Pull out every line from the line containing "Zanotta gir mesa" through the end of the material, both ends included, and reproduce it exactly. Keep pictures out.
★ ★ ★ ★ ★ ★ ★
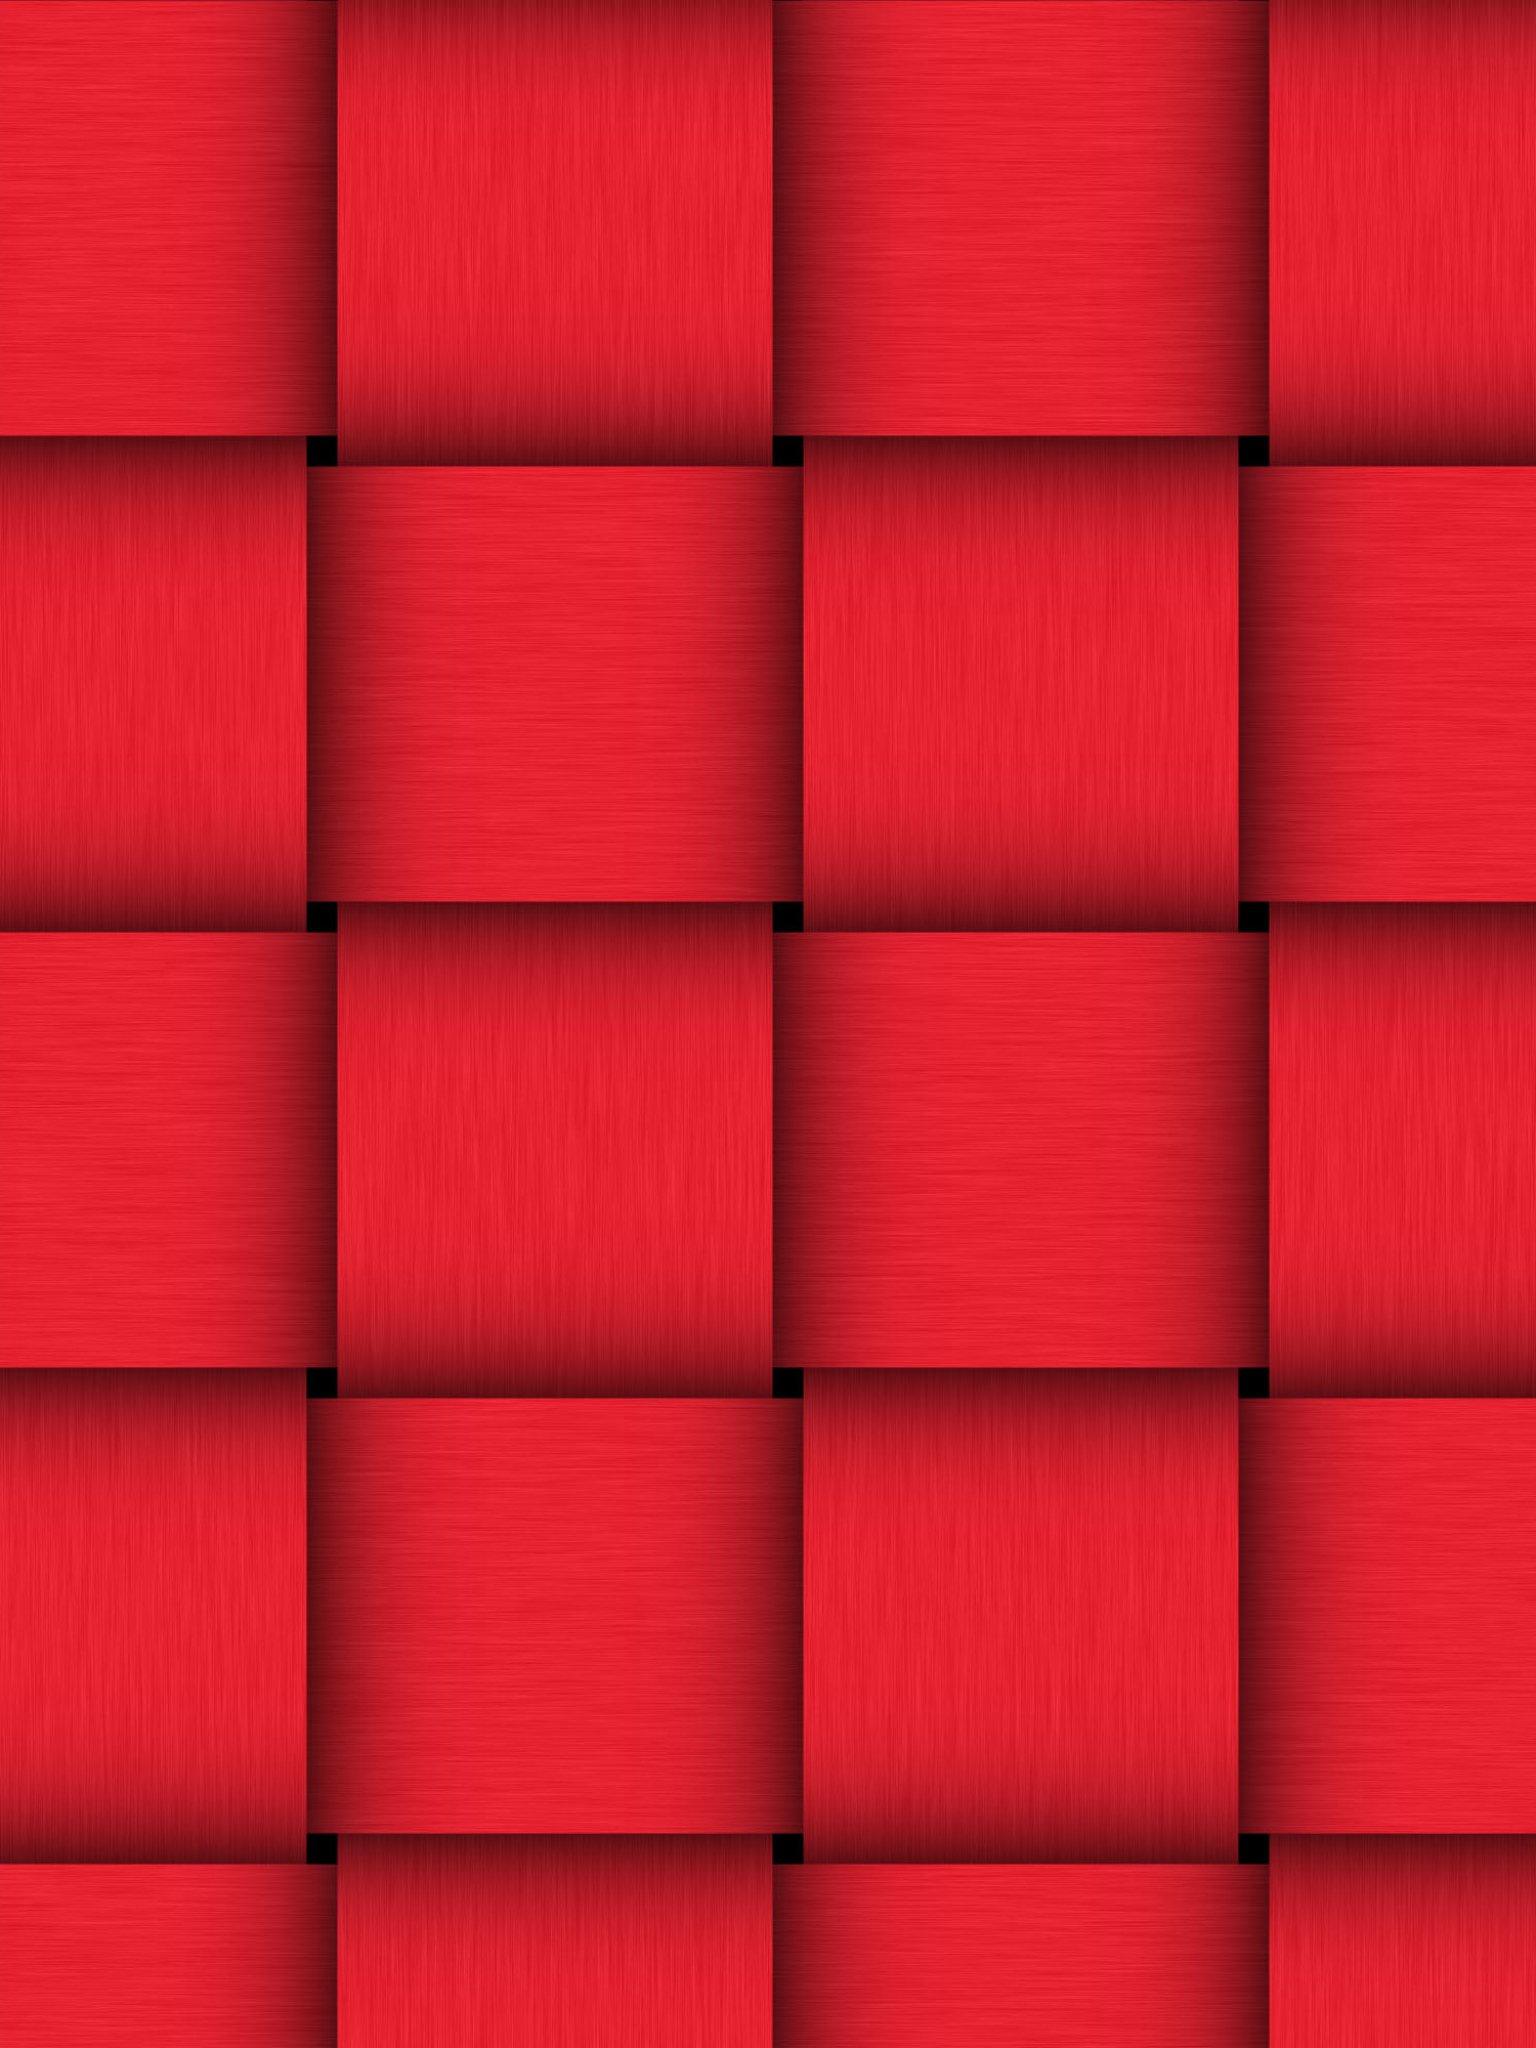 Wallpaper 901006
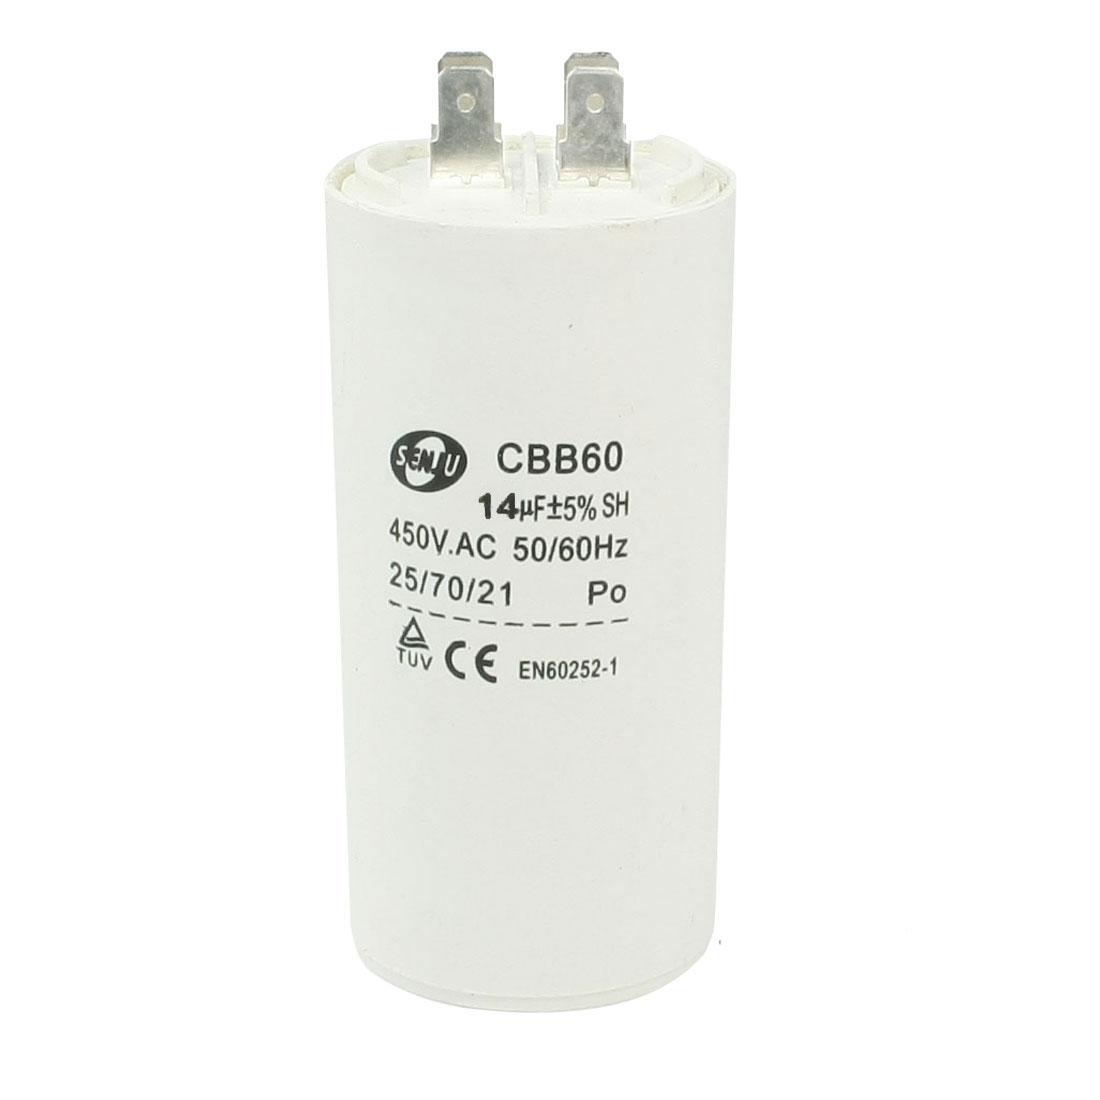 Household Washers Non Polar Motor Capacitor White 14UF 450VAC CBB60
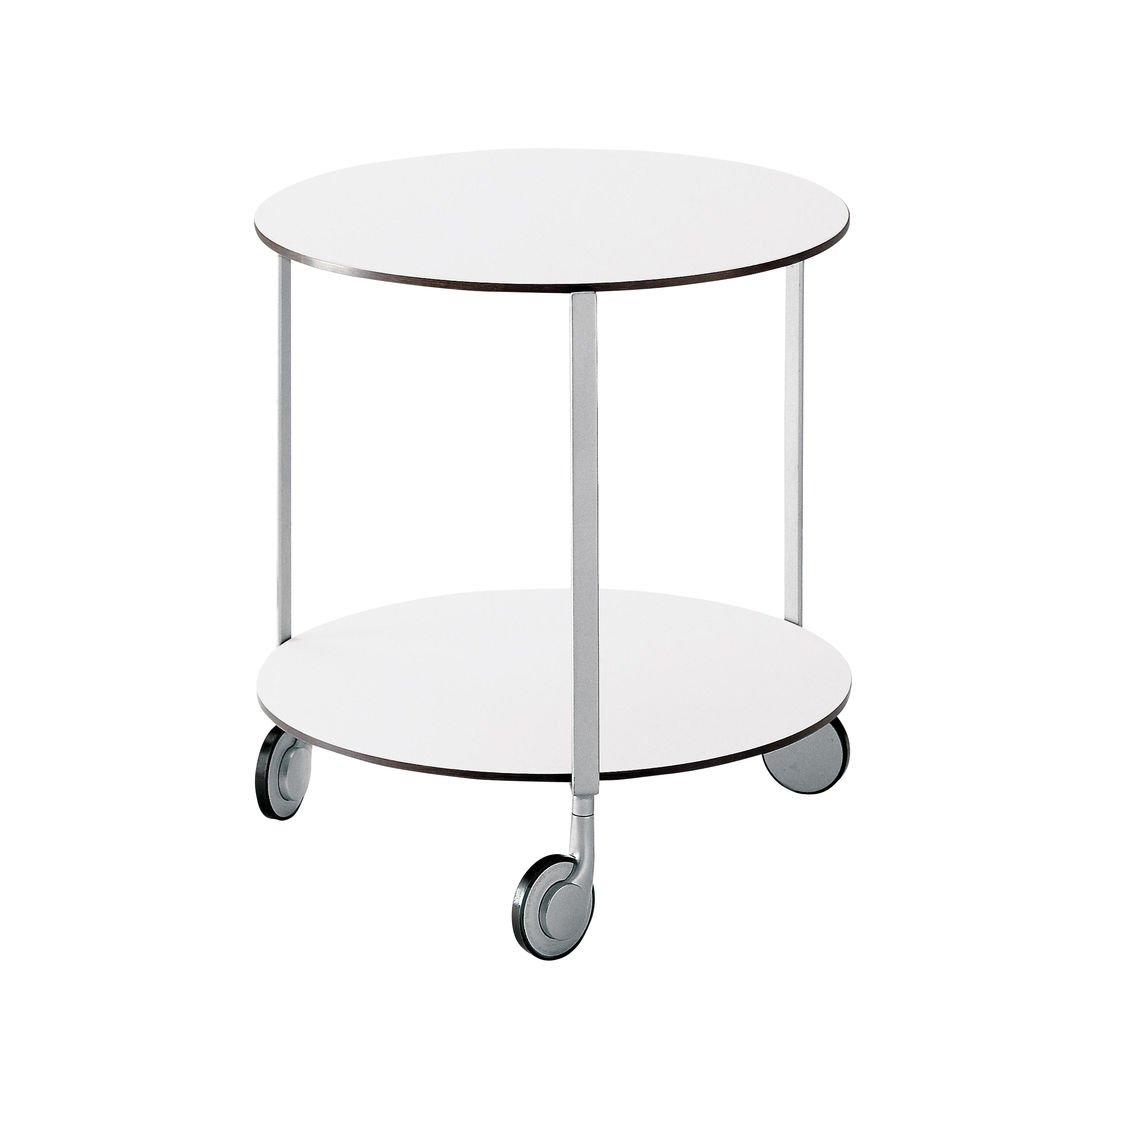 Zanotta gir mesa auxiliar con ruedas ambientedirect - Mesa auxiliar con ruedas ...
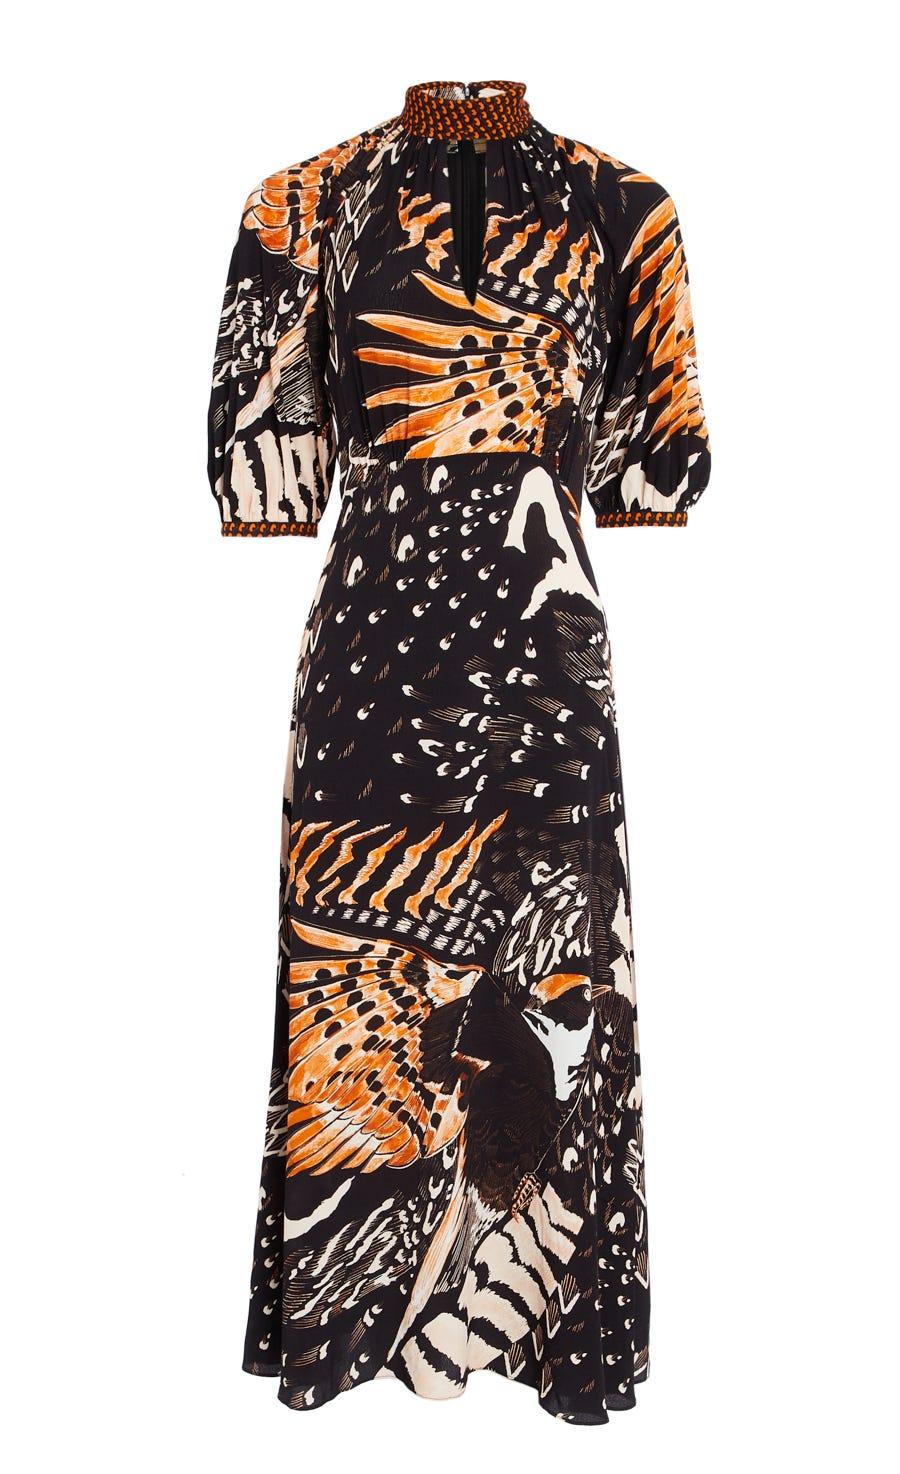 Rosella Bird Dress
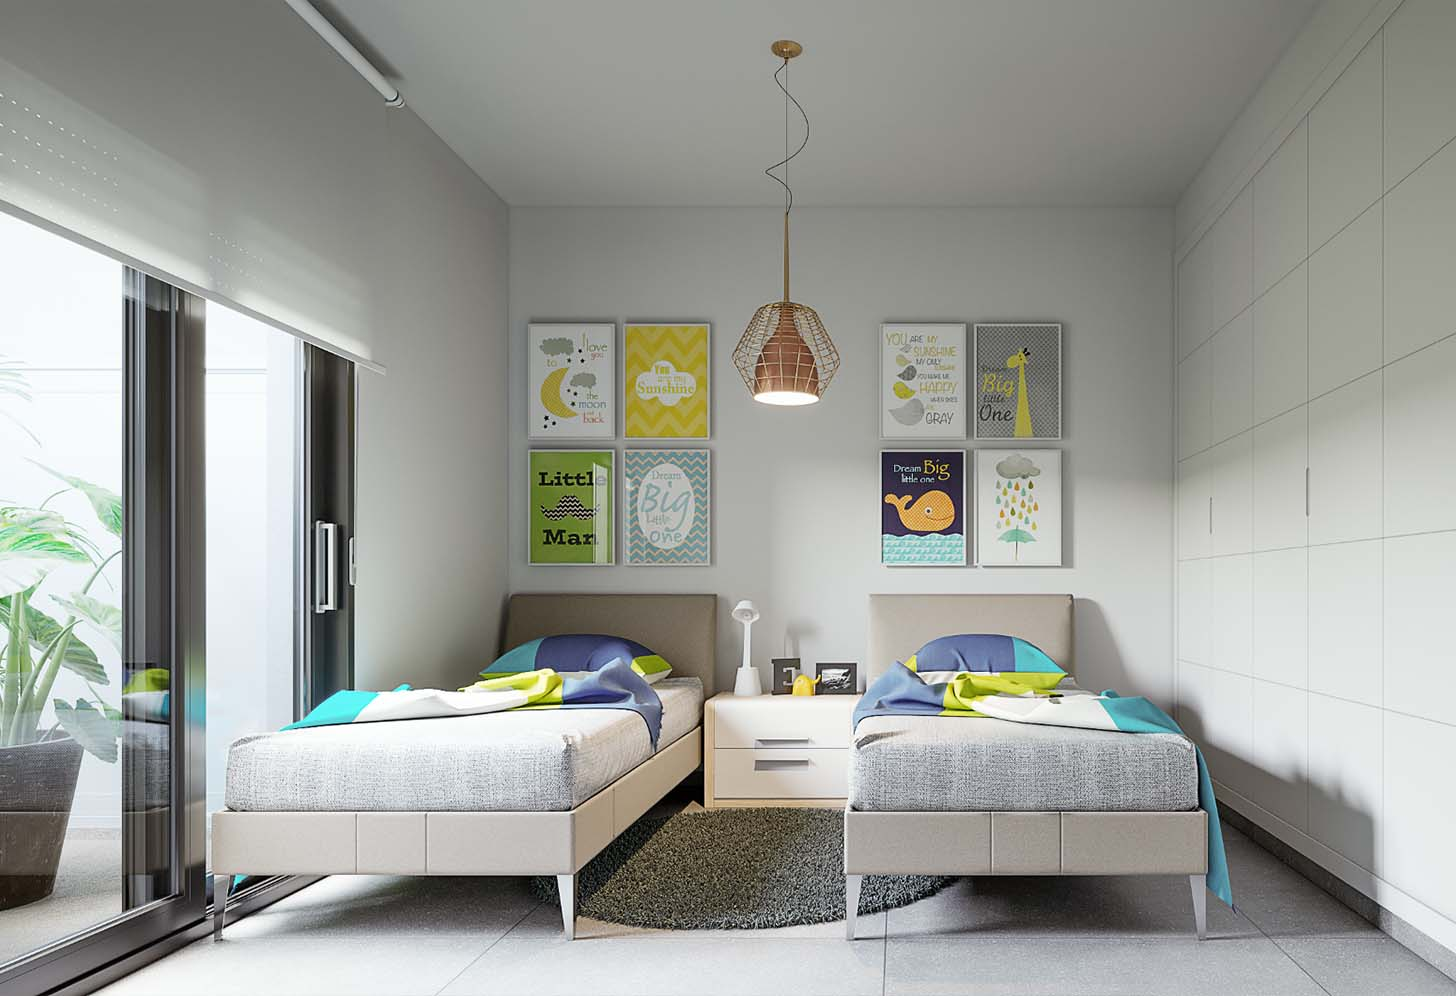 immobilier neuf espagne costa blanca on-d15 palmeral roda golf chambre 2
★ ★ ★ ★ ★ ★ ★
▶ EXERCISE RESPONSE:
 Zanotta gir mesa auxiliar con ruedas ambientedirect - Mesa auxiliar con ruedas ...
 Rosella Bird Dress
 immobilier neuf espagne costa blanca on-d15 palmeral roda golf chambre 2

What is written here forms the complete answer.